Exercise: In your answer, give each entry again exactly as it appears.

Exercise data:
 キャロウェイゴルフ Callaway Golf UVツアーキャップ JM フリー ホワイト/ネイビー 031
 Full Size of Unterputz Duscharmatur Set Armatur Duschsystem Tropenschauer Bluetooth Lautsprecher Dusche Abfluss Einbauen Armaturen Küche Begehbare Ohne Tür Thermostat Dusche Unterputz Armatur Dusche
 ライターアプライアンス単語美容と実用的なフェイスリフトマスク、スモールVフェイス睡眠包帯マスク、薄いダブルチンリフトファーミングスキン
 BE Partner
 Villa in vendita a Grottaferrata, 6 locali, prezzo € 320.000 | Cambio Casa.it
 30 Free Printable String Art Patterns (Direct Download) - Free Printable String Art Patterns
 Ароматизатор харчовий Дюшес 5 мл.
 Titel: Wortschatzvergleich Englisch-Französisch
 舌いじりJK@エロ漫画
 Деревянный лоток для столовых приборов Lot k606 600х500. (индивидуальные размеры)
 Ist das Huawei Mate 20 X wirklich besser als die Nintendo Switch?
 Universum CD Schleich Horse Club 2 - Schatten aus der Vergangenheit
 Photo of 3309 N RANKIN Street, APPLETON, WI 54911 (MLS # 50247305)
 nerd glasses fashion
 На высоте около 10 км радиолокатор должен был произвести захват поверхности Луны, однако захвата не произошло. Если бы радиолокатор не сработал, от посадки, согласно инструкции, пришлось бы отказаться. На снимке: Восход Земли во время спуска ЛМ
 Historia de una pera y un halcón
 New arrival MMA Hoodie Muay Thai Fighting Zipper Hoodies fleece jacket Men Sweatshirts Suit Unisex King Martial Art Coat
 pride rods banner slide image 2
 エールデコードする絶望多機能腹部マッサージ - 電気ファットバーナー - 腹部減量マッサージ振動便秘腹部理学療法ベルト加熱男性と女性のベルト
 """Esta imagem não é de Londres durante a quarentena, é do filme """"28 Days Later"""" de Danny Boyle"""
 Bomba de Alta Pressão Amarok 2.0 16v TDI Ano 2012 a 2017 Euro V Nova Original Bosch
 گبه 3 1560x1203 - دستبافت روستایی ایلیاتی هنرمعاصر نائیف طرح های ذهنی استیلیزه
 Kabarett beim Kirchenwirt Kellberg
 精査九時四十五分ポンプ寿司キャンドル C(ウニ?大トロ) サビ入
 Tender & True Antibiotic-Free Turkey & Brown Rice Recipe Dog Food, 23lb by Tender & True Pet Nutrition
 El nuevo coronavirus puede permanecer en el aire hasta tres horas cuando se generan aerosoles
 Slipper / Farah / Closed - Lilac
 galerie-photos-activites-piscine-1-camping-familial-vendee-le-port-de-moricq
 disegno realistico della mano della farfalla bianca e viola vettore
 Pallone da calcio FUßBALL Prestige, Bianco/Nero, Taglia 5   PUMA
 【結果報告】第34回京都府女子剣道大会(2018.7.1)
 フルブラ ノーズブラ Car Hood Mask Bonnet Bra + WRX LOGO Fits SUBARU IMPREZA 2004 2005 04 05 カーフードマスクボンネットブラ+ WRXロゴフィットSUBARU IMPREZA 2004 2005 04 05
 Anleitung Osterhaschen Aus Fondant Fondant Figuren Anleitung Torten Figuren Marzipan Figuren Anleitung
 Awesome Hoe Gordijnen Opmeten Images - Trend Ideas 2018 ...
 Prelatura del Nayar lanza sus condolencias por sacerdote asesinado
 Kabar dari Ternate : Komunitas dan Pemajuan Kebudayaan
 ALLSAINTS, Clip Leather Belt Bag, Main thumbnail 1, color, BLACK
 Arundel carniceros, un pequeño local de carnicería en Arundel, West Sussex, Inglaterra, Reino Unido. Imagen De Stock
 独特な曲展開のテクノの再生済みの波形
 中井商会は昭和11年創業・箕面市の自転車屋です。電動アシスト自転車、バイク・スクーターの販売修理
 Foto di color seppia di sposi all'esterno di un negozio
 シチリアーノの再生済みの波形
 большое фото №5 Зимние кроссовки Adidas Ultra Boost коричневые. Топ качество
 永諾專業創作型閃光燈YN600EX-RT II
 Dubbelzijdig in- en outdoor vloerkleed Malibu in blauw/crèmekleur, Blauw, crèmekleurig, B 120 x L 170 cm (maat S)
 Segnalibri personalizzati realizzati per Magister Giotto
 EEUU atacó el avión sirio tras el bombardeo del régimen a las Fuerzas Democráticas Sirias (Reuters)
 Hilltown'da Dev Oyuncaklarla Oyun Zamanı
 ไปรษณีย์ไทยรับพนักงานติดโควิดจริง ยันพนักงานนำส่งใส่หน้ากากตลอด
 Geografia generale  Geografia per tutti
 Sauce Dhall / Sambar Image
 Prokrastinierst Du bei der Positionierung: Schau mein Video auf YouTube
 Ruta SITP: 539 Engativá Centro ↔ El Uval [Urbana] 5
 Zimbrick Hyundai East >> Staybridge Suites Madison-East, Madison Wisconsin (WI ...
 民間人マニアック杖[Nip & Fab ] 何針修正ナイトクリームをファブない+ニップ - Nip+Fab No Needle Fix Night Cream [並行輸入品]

Task solution:
 キャロウェイゴルフ Callaway Golf UVツアーキャップ JM フリー ホワイト/ネイビー 031
 Full Size of Unterputz Duscharmatur Set Armatur Duschsystem Tropenschauer Bluetooth Lautsprecher Dusche Abfluss Einbauen Armaturen Küche Begehbare Ohne Tür Thermostat Dusche Unterputz Armatur Dusche
 ライターアプライアンス単語美容と実用的なフェイスリフトマスク、スモールVフェイス睡眠包帯マスク、薄いダブルチンリフトファーミングスキン
 BE Partner
 Villa in vendita a Grottaferrata, 6 locali, prezzo € 320.000 | Cambio Casa.it
 30 Free Printable String Art Patterns (Direct Download) - Free Printable String Art Patterns
 Ароматизатор харчовий Дюшес 5 мл.
 Titel: Wortschatzvergleich Englisch-Französisch
 舌いじりJK@エロ漫画
 Деревянный лоток для столовых приборов Lot k606 600х500. (индивидуальные размеры)
 Ist das Huawei Mate 20 X wirklich besser als die Nintendo Switch?
 Universum CD Schleich Horse Club 2 - Schatten aus der Vergangenheit
 Photo of 3309 N RANKIN Street, APPLETON, WI 54911 (MLS # 50247305)
 nerd glasses fashion
 На высоте около 10 км радиолокатор должен был произвести захват поверхности Луны, однако захвата не произошло. Если бы радиолокатор не сработал, от посадки, согласно инструкции, пришлось бы отказаться. На снимке: Восход Земли во время спуска ЛМ
 Historia de una pera y un halcón
 New arrival MMA Hoodie Muay Thai Fighting Zipper Hoodies fleece jacket Men Sweatshirts Suit Unisex King Martial Art Coat
 pride rods banner slide image 2
 エールデコードする絶望多機能腹部マッサージ - 電気ファットバーナー - 腹部減量マッサージ振動便秘腹部理学療法ベルト加熱男性と女性のベルト
 """Esta imagem não é de Londres durante a quarentena, é do filme """"28 Days Later"""" de Danny Boyle"""
 Bomba de Alta Pressão Amarok 2.0 16v TDI Ano 2012 a 2017 Euro V Nova Original Bosch
 گبه 3 1560x1203 - دستبافت روستایی ایلیاتی هنرمعاصر نائیف طرح های ذهنی استیلیزه
 Kabarett beim Kirchenwirt Kellberg
 精査九時四十五分ポンプ寿司キャンドル C(ウニ?大トロ) サビ入
 Tender & True Antibiotic-Free Turkey & Brown Rice Recipe Dog Food, 23lb by Tender & True Pet Nutrition
 El nuevo coronavirus puede permanecer en el aire hasta tres horas cuando se generan aerosoles
 Slipper / Farah / Closed - Lilac
 galerie-photos-activites-piscine-1-camping-familial-vendee-le-port-de-moricq
 disegno realistico della mano della farfalla bianca e viola vettore
 Pallone da calcio FUßBALL Prestige, Bianco/Nero, Taglia 5   PUMA
 【結果報告】第34回京都府女子剣道大会(2018.7.1)
 フルブラ ノーズブラ Car Hood Mask Bonnet Bra + WRX LOGO Fits SUBARU IMPREZA 2004 2005 04 05 カーフードマスクボンネットブラ+ WRXロゴフィットSUBARU IMPREZA 2004 2005 04 05
 Anleitung Osterhaschen Aus Fondant Fondant Figuren Anleitung Torten Figuren Marzipan Figuren Anleitung
 Awesome Hoe Gordijnen Opmeten Images - Trend Ideas 2018 ...
 Prelatura del Nayar lanza sus condolencias por sacerdote asesinado
 Kabar dari Ternate : Komunitas dan Pemajuan Kebudayaan
 ALLSAINTS, Clip Leather Belt Bag, Main thumbnail 1, color, BLACK
 Arundel carniceros, un pequeño local de carnicería en Arundel, West Sussex, Inglaterra, Reino Unido. Imagen De Stock
 独特な曲展開のテクノの再生済みの波形
 中井商会は昭和11年創業・箕面市の自転車屋です。電動アシスト自転車、バイク・スクーターの販売修理
 Foto di color seppia di sposi all'esterno di un negozio
 シチリアーノの再生済みの波形
 большое фото №5 Зимние кроссовки Adidas Ultra Boost коричневые. Топ качество
 永諾專業創作型閃光燈YN600EX-RT II
 Dubbelzijdig in- en outdoor vloerkleed Malibu in blauw/crèmekleur, Blauw, crèmekleurig, B 120 x L 170 cm (maat S)
 Segnalibri personalizzati realizzati per Magister Giotto
 EEUU atacó el avión sirio tras el bombardeo del régimen a las Fuerzas Democráticas Sirias (Reuters)
 Hilltown'da Dev Oyuncaklarla Oyun Zamanı
 ไปรษณีย์ไทยรับพนักงานติดโควิดจริง ยันพนักงานนำส่งใส่หน้ากากตลอด
 Geografia generale  Geografia per tutti
 Sauce Dhall / Sambar Image
 Prokrastinierst Du bei der Positionierung: Schau mein Video auf YouTube
 Ruta SITP: 539 Engativá Centro ↔ El Uval [Urbana] 5
 Zimbrick Hyundai East >> Staybridge Suites Madison-East, Madison Wisconsin (WI ...
 民間人マニアック杖[Nip & Fab ] 何針修正ナイトクリームをファブない+ニップ - Nip+Fab No Needle Fix Night Cream [並行輸入品]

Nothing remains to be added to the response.